**Work request:** After locating the line with "Wirawiri: Game Level Map Builder (Game Kits)", set down that line and all the lines that follow it, unchanged, to the end of the records; omit the pictures.

• • •

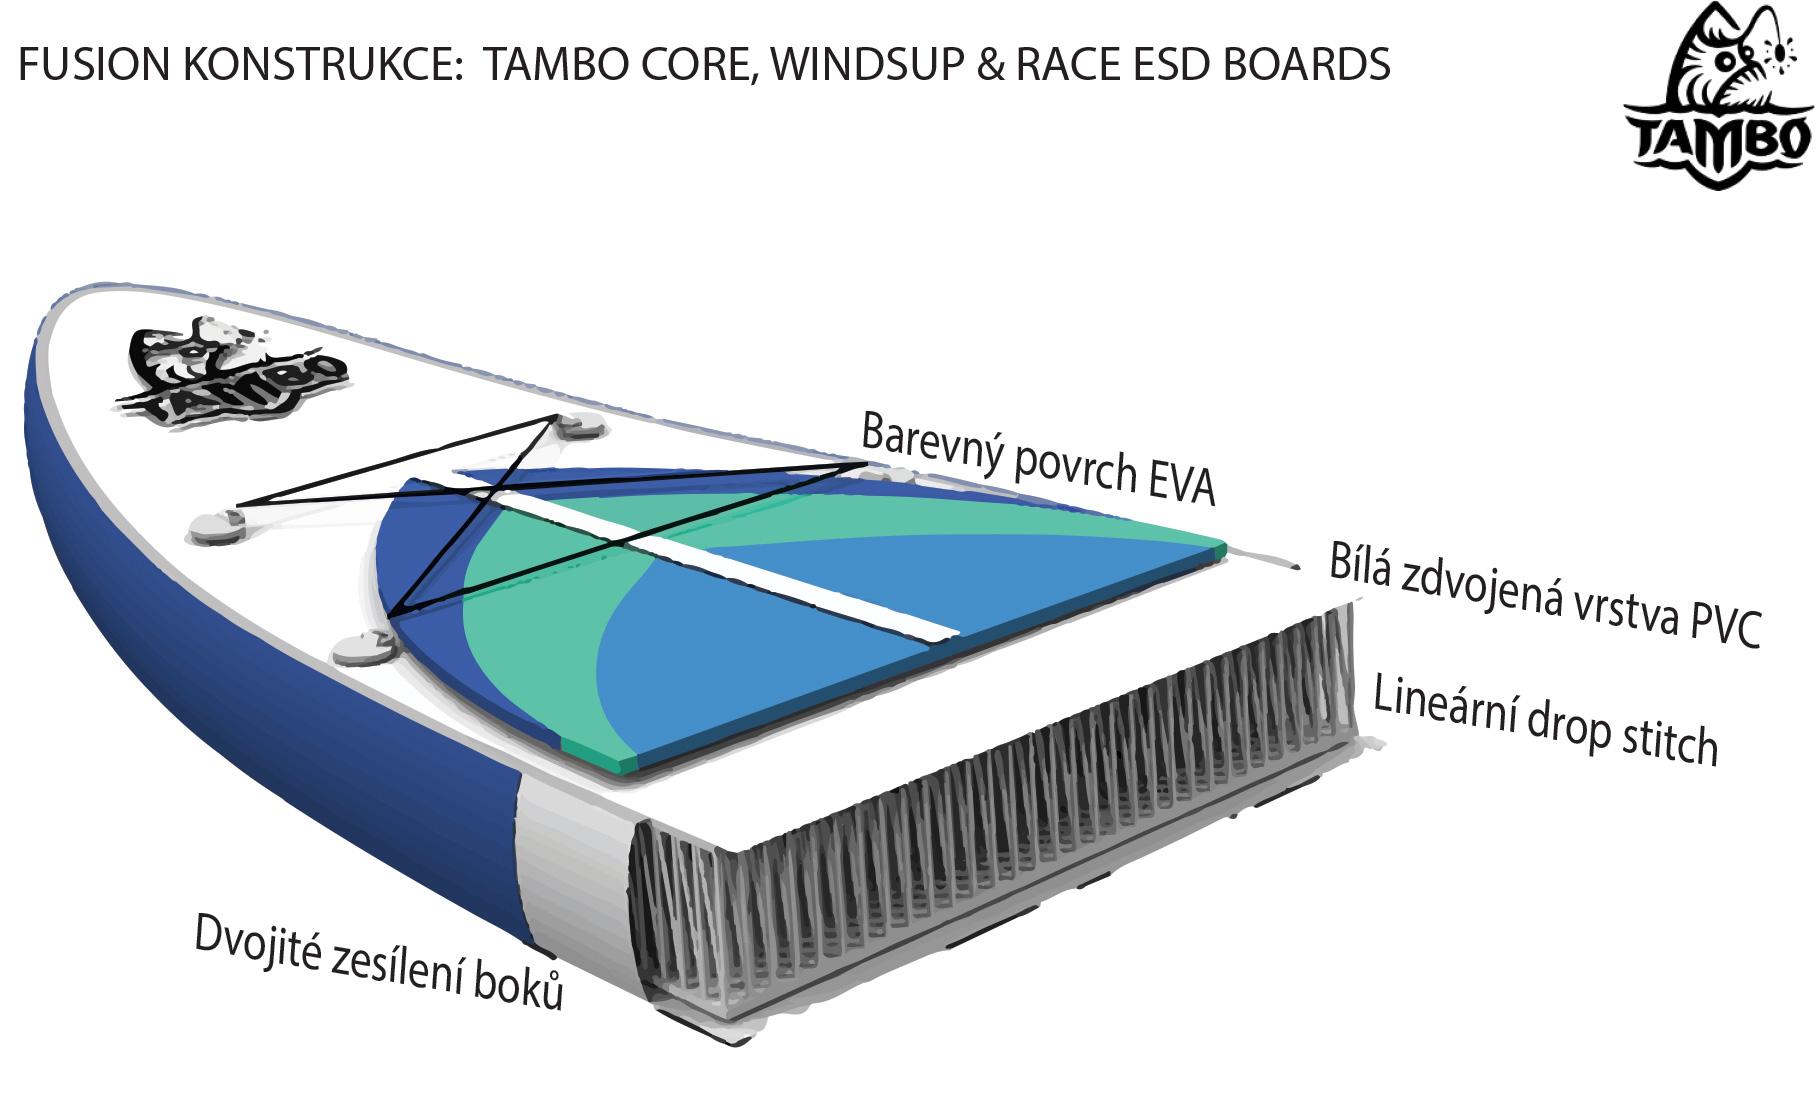 Nafukovací SUP TAMBO RACE 14'0″ ESD 2017
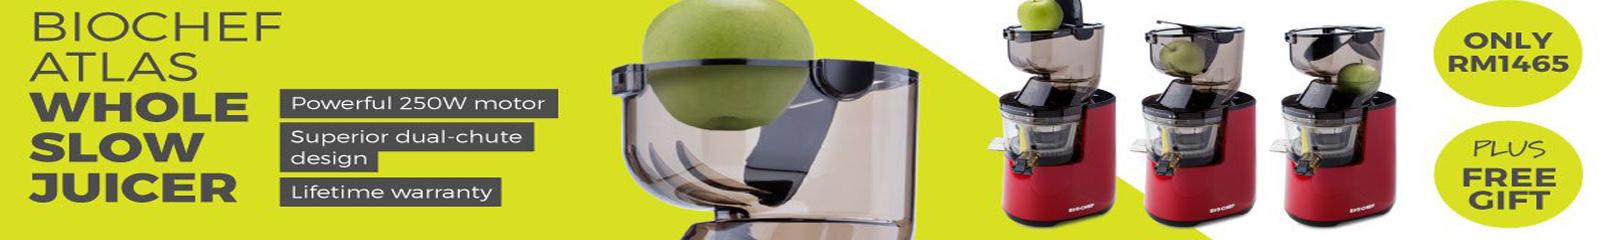 máy ép trái cây: Máy ép trái cây bằng tay - mayep 05
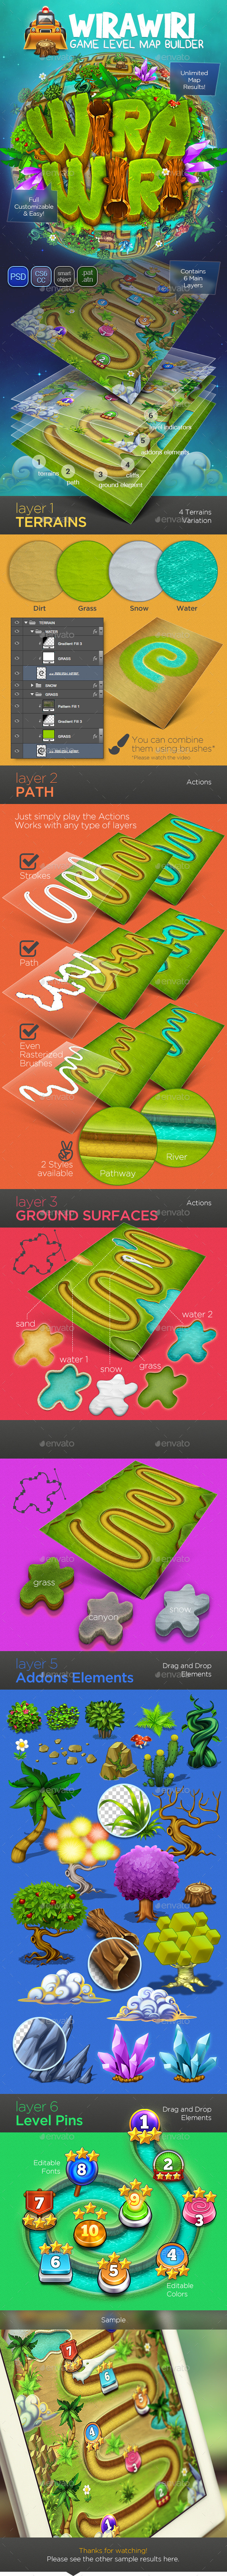 Wirawiri: Game Level Map Builder (Game Kits)
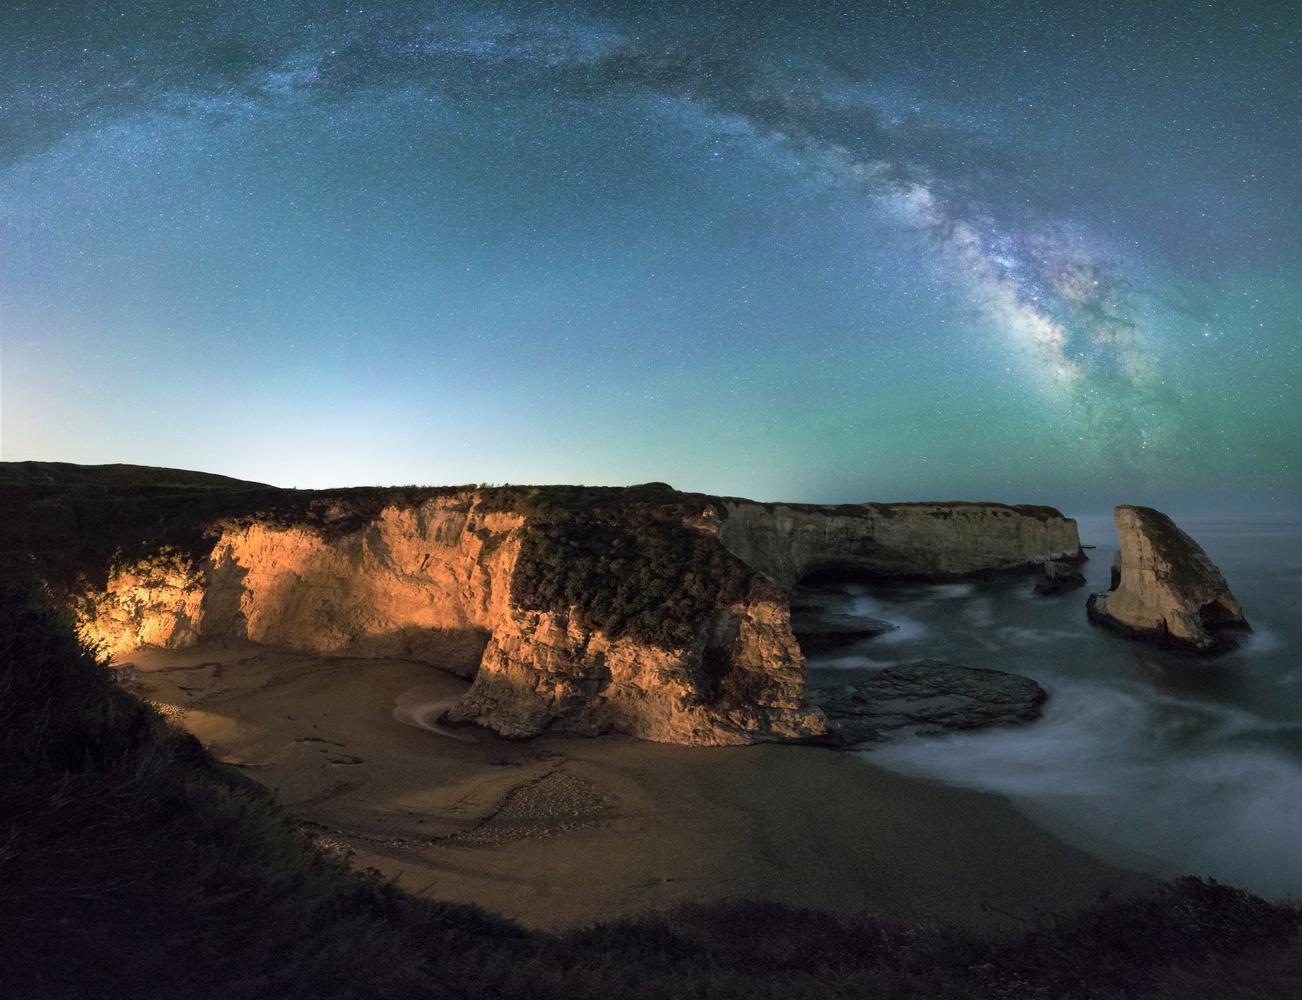 Shark Fin Cove Bonfire by Bryan Rossi
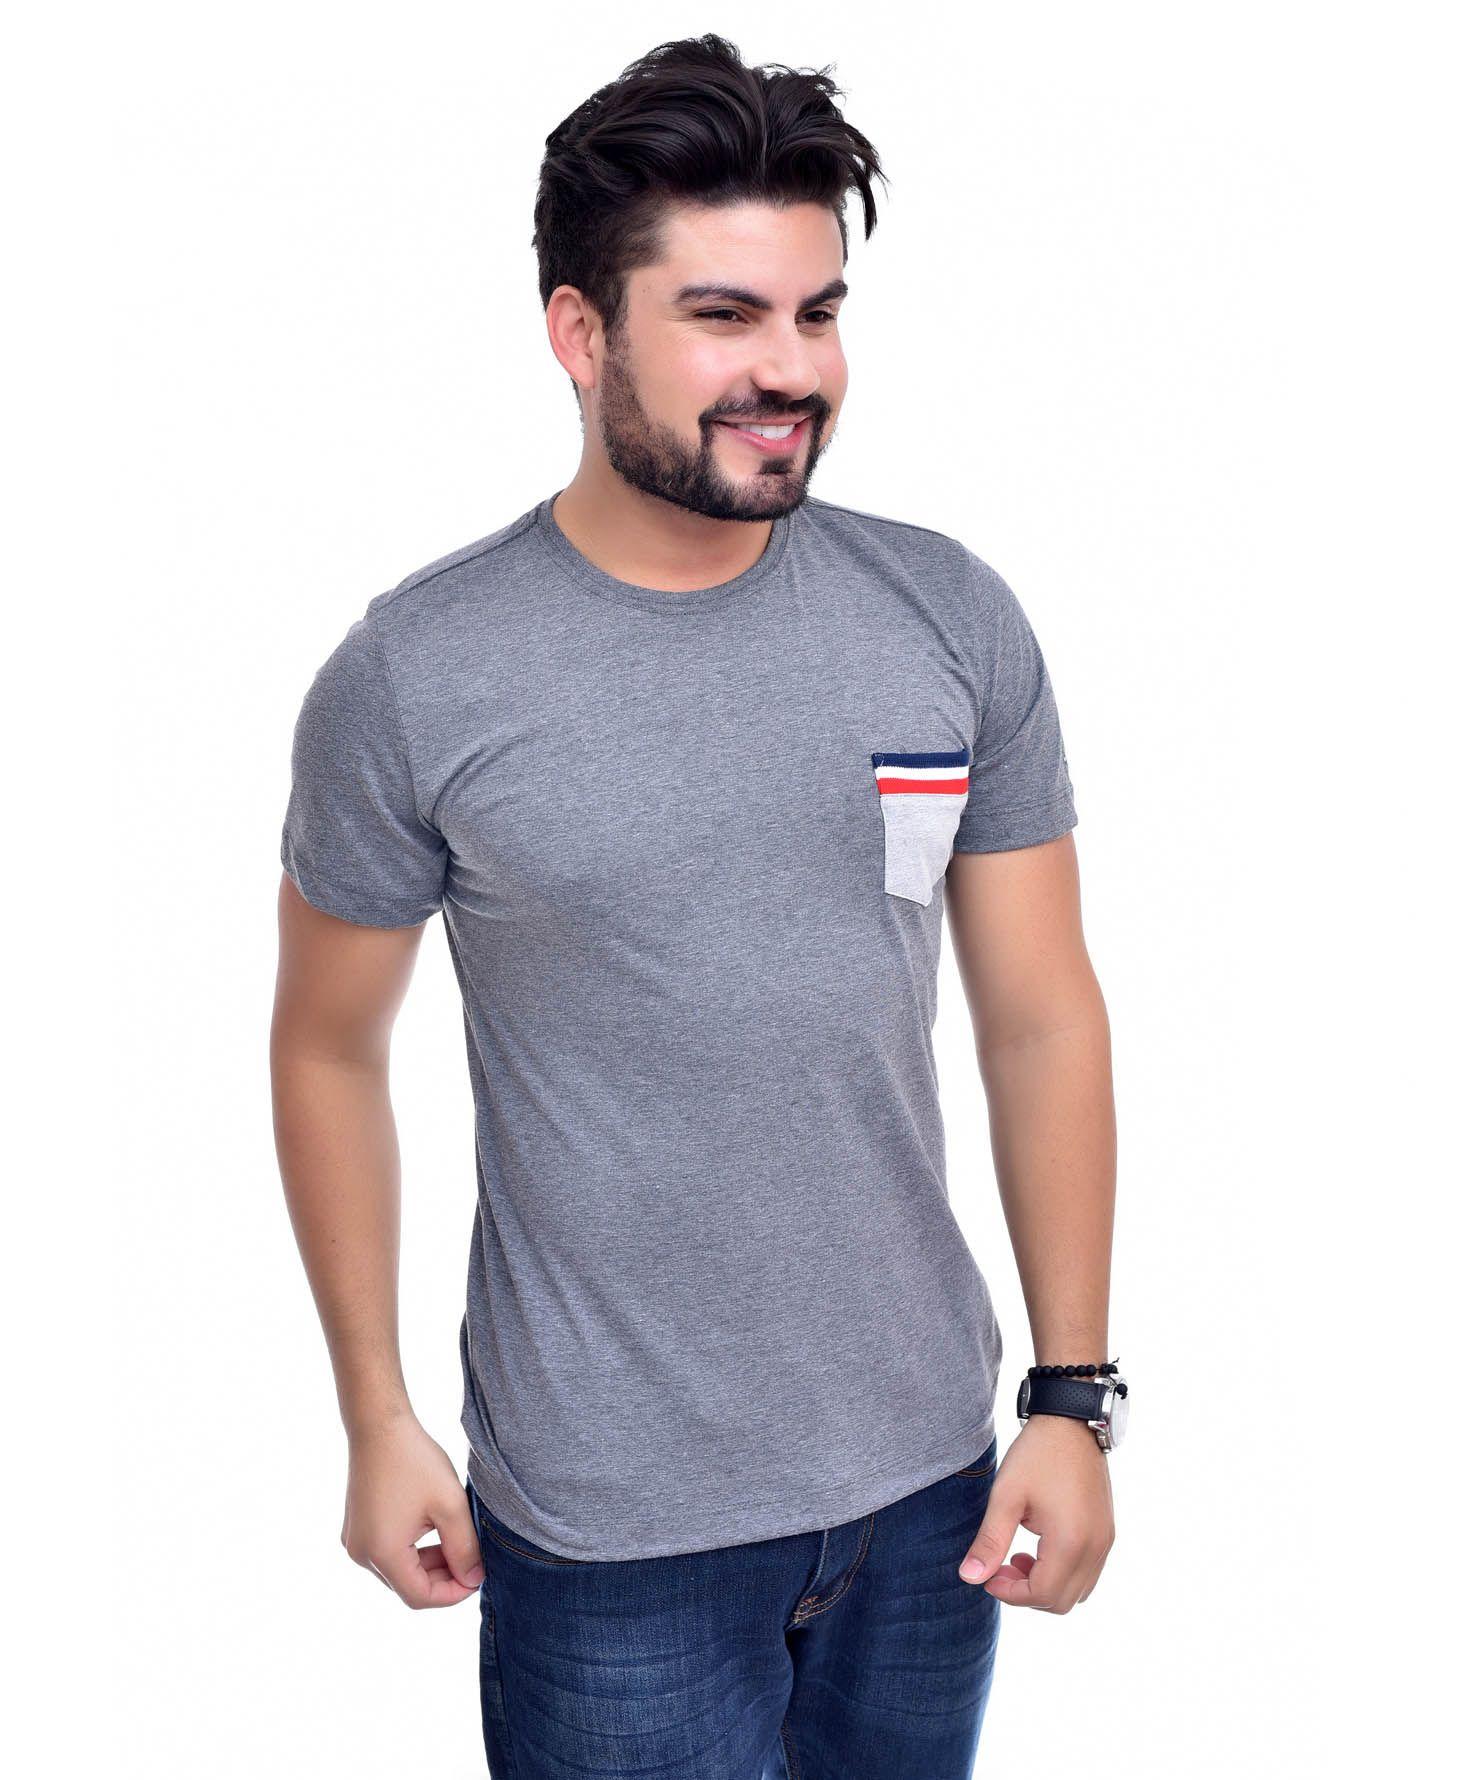 Camiseta Bolso TH Mescla Escuro / MC

• • •

**Written solution:**
 Wirawiri: Game Level Map Builder (Game Kits)
 Shark Fin Cove Bonfire by Bryan Rossi
 Camiseta Bolso TH Mescla Escuro / MC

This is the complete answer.